Module 8: Regression and the Line of Best Fit
Lab 8: Modeling Carbon Footprints in Japan
This lab investigates trends in carbon emissions in Japanese municipalities, from 2005 to 2017. Japan held the landmark Kyoto Protocol in 1997, which started international commitments to reduce greenhouse gas emissions. How much have Japanese cities reduced their carbon footprint, and which ones have succeeded the most? In this lab, we hypothesize that each passing year has led to a statistically significant reduction in cities’ carbon footprints. Let’s test that hypothesis!
0. Import Data
Load Data
In this dataset, each row is a city-year! We’ll calculate the carbon footprint for each city, in kilotons of emissions per 1000 residents, and we’ll zoom into just municipalities with at least 1 resident.
# Load packages
library(tidyverse)
library(viridis)
library(broom)
library(moderndive)
# Import data
jp <- read_csv("jp_emissions.csv") %>%
# to get the carbon footprint of each city,
mutate(footprint = emissions / pop * 1000) %>%
# Zoom into just cities where anyone lives
filter(pop >= 1) %>%
# Grab just these variables
select(muni, footprint, year, pop)View Data
# View first 3 rows of dataset
jp %>% head(3)| muni | footprint | year | pop |
|---|---|---|---|
| Hokkaido Sapporo-shi | 7.829075 | 2017 | 1952356 |
| Hokkaido Sapporo-shi | 7.774304 | 2016 | 1952356 |
| Hokkaido Sapporo-shi | 7.765927 | 2015 | 1952356 |
Codebook
In this dataset, our variables mean:
muni: Name of Municipality, preceded by the prefecture where it is located (eg. Hokkaido [Prefecture] Sapporo-shi [City]).footprint: city’s carbon footprint, adjusted for population size. The average kilotons of carbon emissions 1000 residents produce in a year.year: year of observation (numeric).pop: number of residents in that municipality, as of most recent census.
Descriptives
- The average Japanese city between 2005 and 2017 had a carbon footprint of 11 kilotons of emissions per 1000 residents, plus or minus a standard deviation of 20.7.

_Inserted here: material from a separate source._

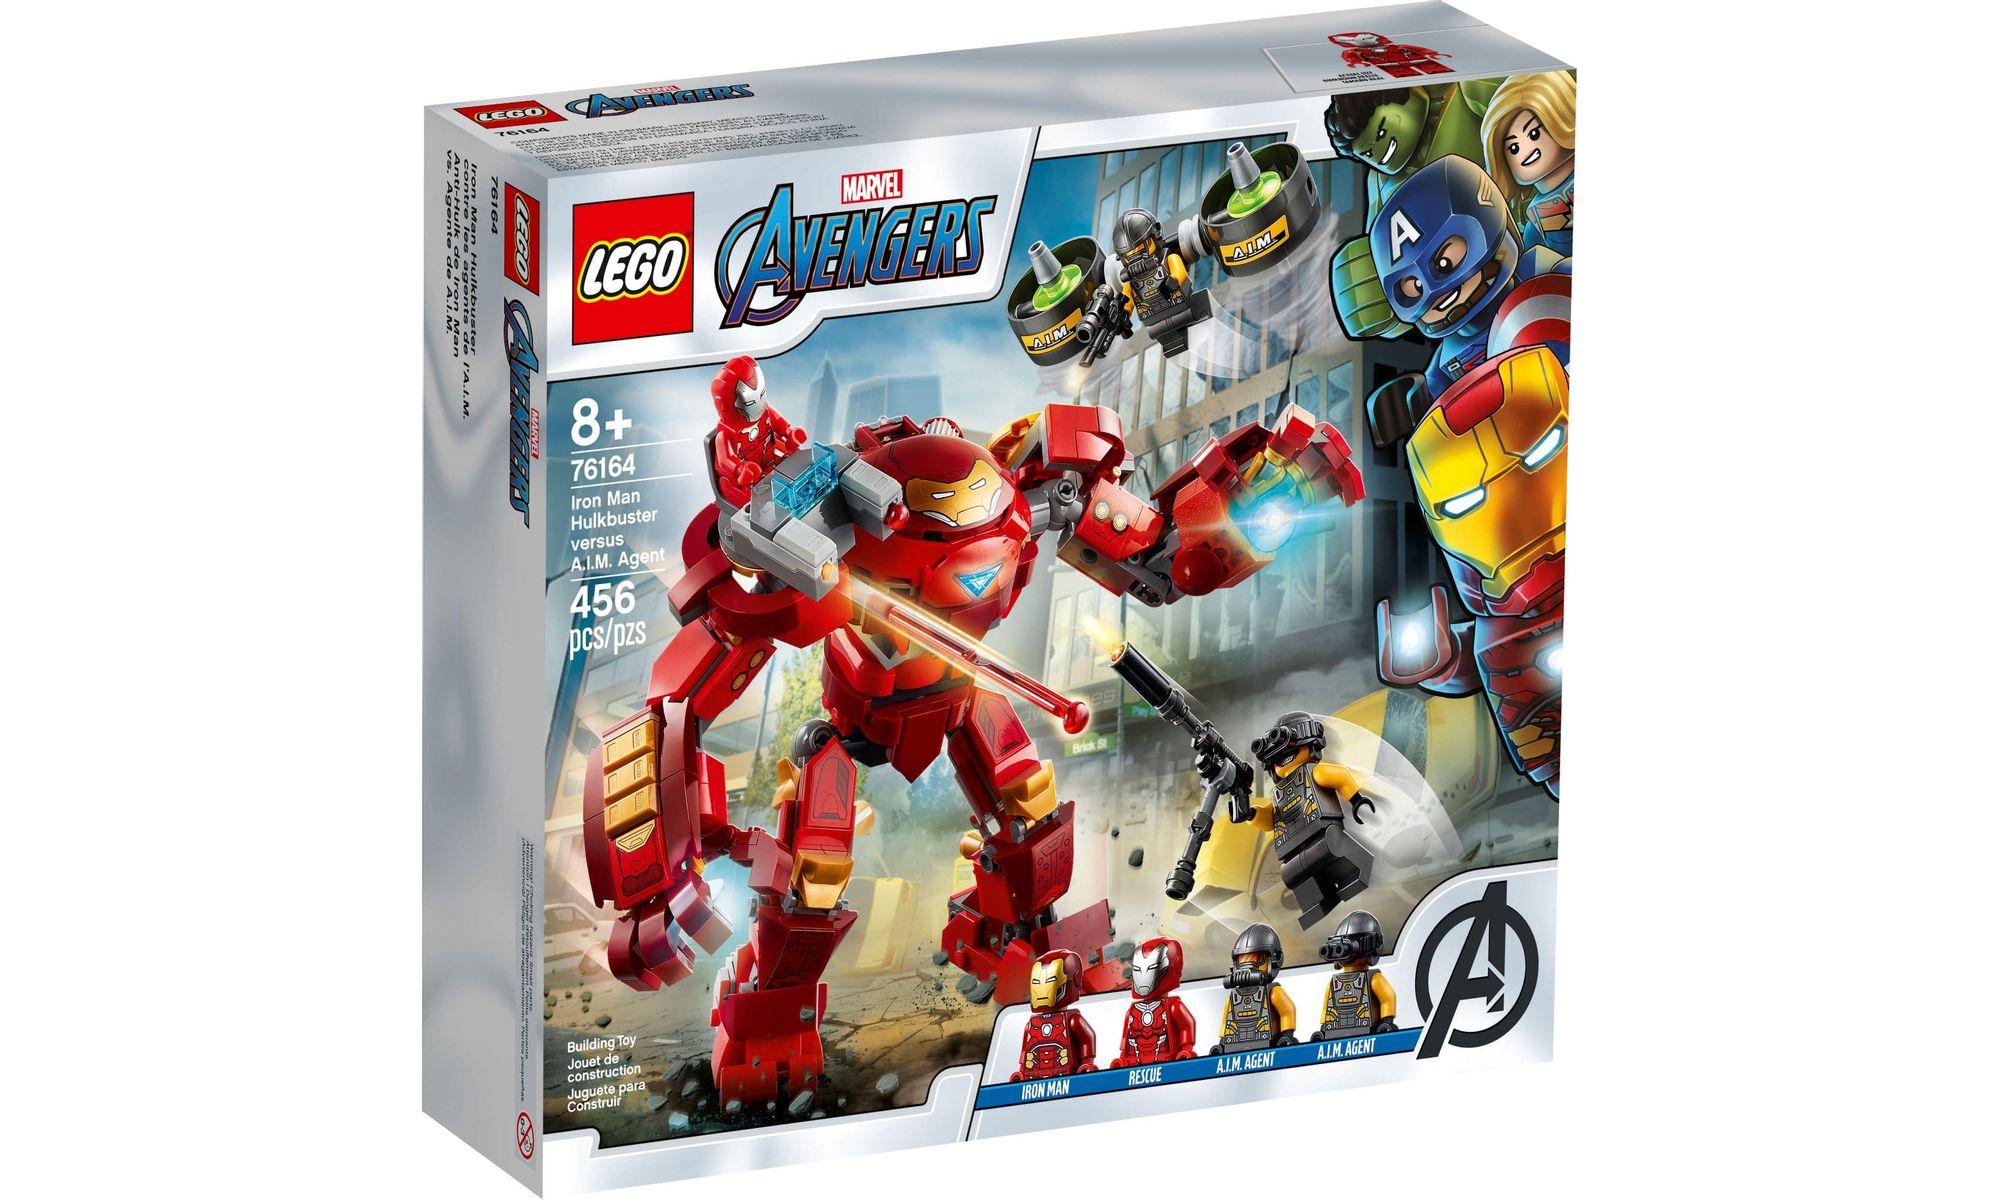 LEGO Marvel 76164 - Homem de Ferro Hulkbuster Agente A.I.M

- The smallest carbon footprint was 2.9 kilotons per 1000 residents.
- The median city had a carbon footprint of 8.2 kilotons per 1000 residents.
- The largest carbon footprint observed was 931.3 kilotons per 1000 residents.
Task 1: Average Carbon Footprints
Question
First, please calculate the average carbon footprint for Japanese cities in each year, using group_by(), and save it as a data.frame called avg.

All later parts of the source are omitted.